The VBlank interval is the short gap between the last line of one frame and the first line of the next.

What Is Tearing?

If you write new pixel data while the display is scanning, the top half shows the old frame and the bottom half shows the new one.

  +--------------------------------+
  |                                |
  |  OLD FRAME (already scanned)  |
  |                                |
  |================================| <-- scan position when buffer changed
  |                                |
  |  NEW FRAME (written too early) |
  |                                |
  +--------------------------------+

This visible seam is called tearing. It happens because the write and the scan-out are not synchronized.

VSync — The Synchronization Point

VSync = synchronize buffer updates to the VBlank interval.

The rule: never change the displayed buffer while the panel is scanning it.

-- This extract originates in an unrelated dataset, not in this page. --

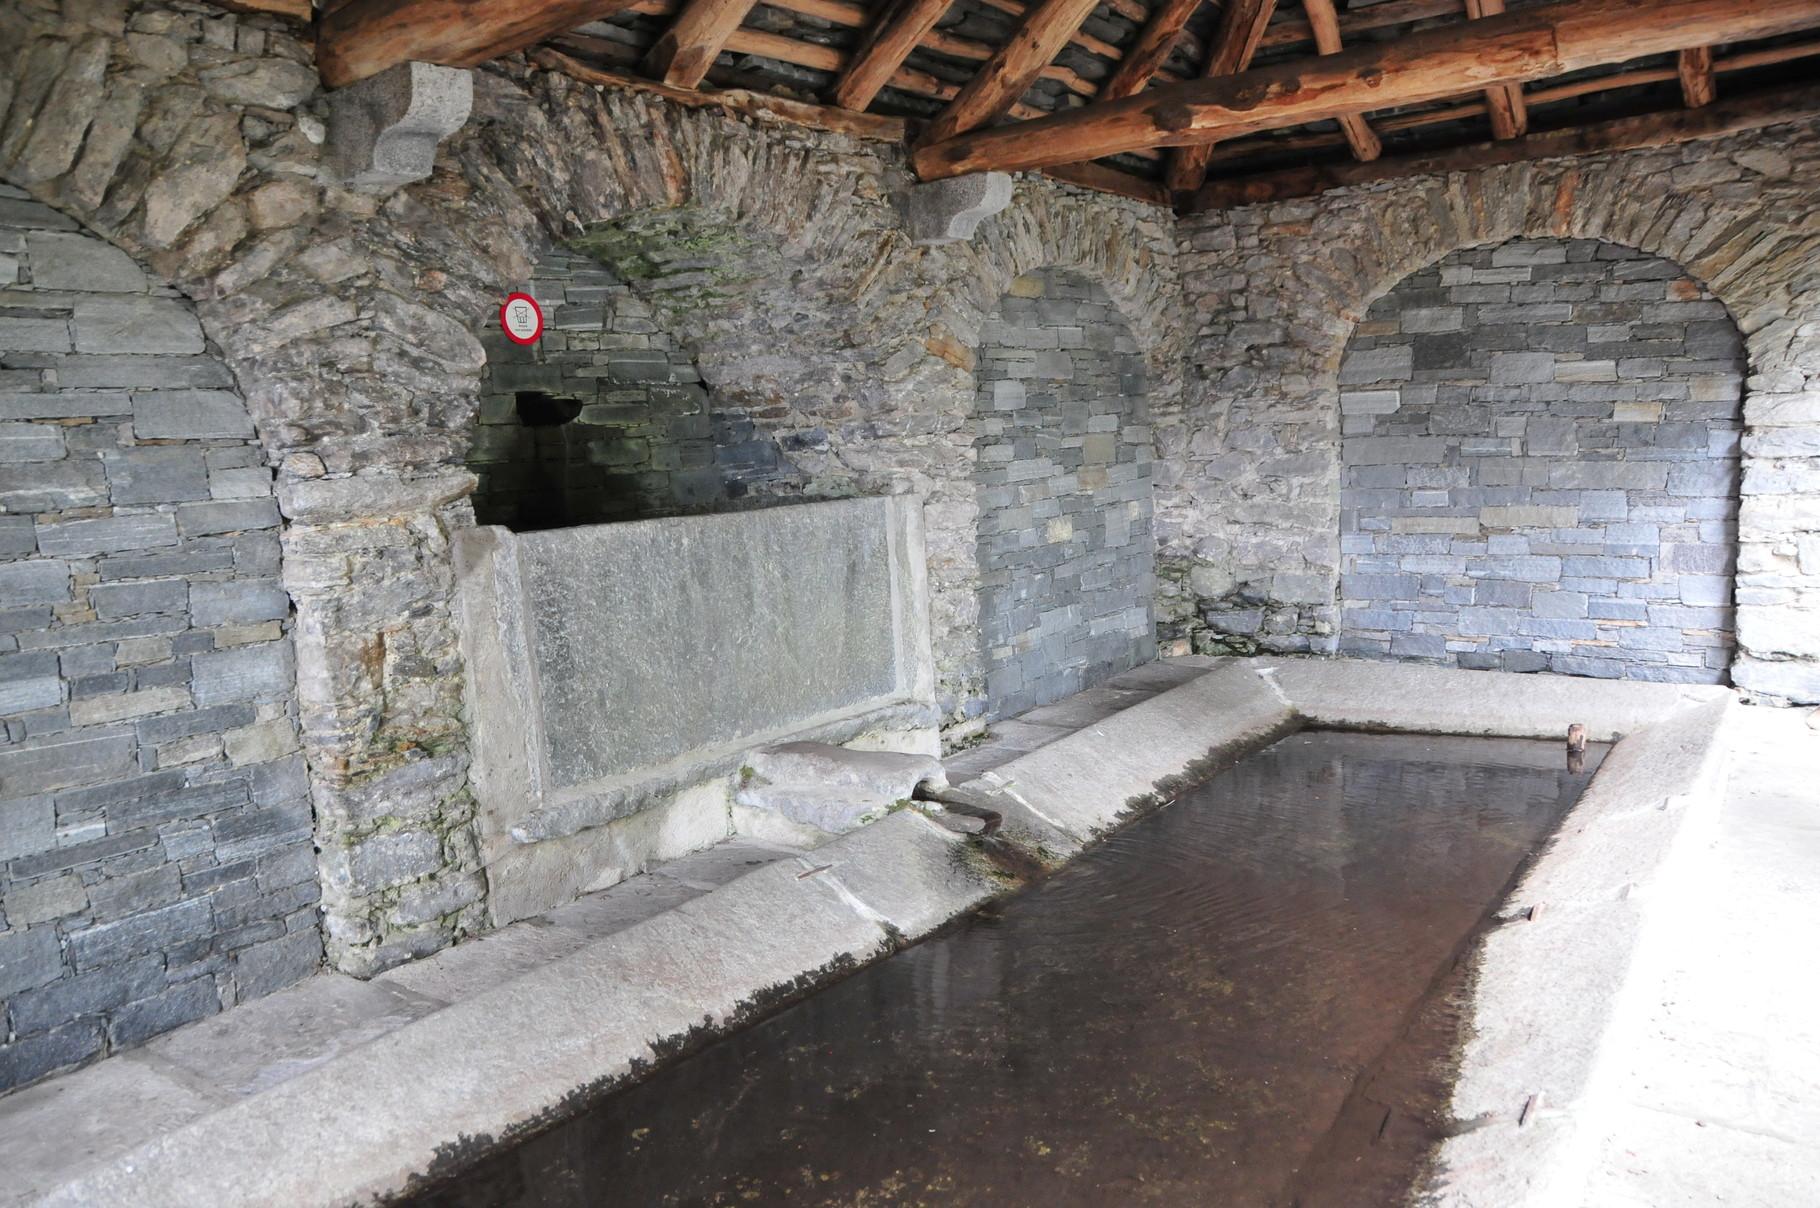 Das alte Waschhaus, Brione sopra Minusio

Wait for VBlank, then swap. The panel always reads a complete, consistent frame.

  Time -->
  |  Render  |  Wait  |  Flip  |  Render  |  Wait  |  Flip  |
  |  frame   | VBlank |  ptrs  |  frame   | VBlank |  ptrs  |
  |__________|________|________|__________|________|________|
             ^                            ^
          VBlank                       VBlank

Double Buffering

Double buffering is the mechanism that makes VSync possible.

Two buffers exist in memory:

Buffer	Role	CPU Access	Display Access
Back buffer	Being rendered	Write	None
Front buffer	Being displayed	None	Read (scan-out)

The render loop writes to the back buffer. At VBlank, the pointers swap. No data is copied -- only the pointer changes.

Double Buffering — Step by Step

  Step 1: Render to back buffer        Step 2: Wait for VBlank
  +----------+    +----------+         +----------+    +----------+
  | Back     |    | Front    |         | Back     |    | Front    |
  | [drawing]|    | [display]|  --->   | [done]   |    | [display]|
  +----------+    +----------+         +----------+    +----------+
   CPU writes      Panel reads          CPU idle        Panel reads

  Step 3: Flip (swap pointers)         Step 4: Render next frame
  +----------+    +----------+         +----------+    +----------+
  | NEW Front|    | NEW Back |         | Front    |    | Back     |
  | [display]|    | [free]   |  --->   | [display]|    | [drawing]|
  +----------+    +----------+         +----------+    +----------+
   Panel reads     CPU can write        Panel reads     CPU writes

Atomic from the display's perspective: zero tearing.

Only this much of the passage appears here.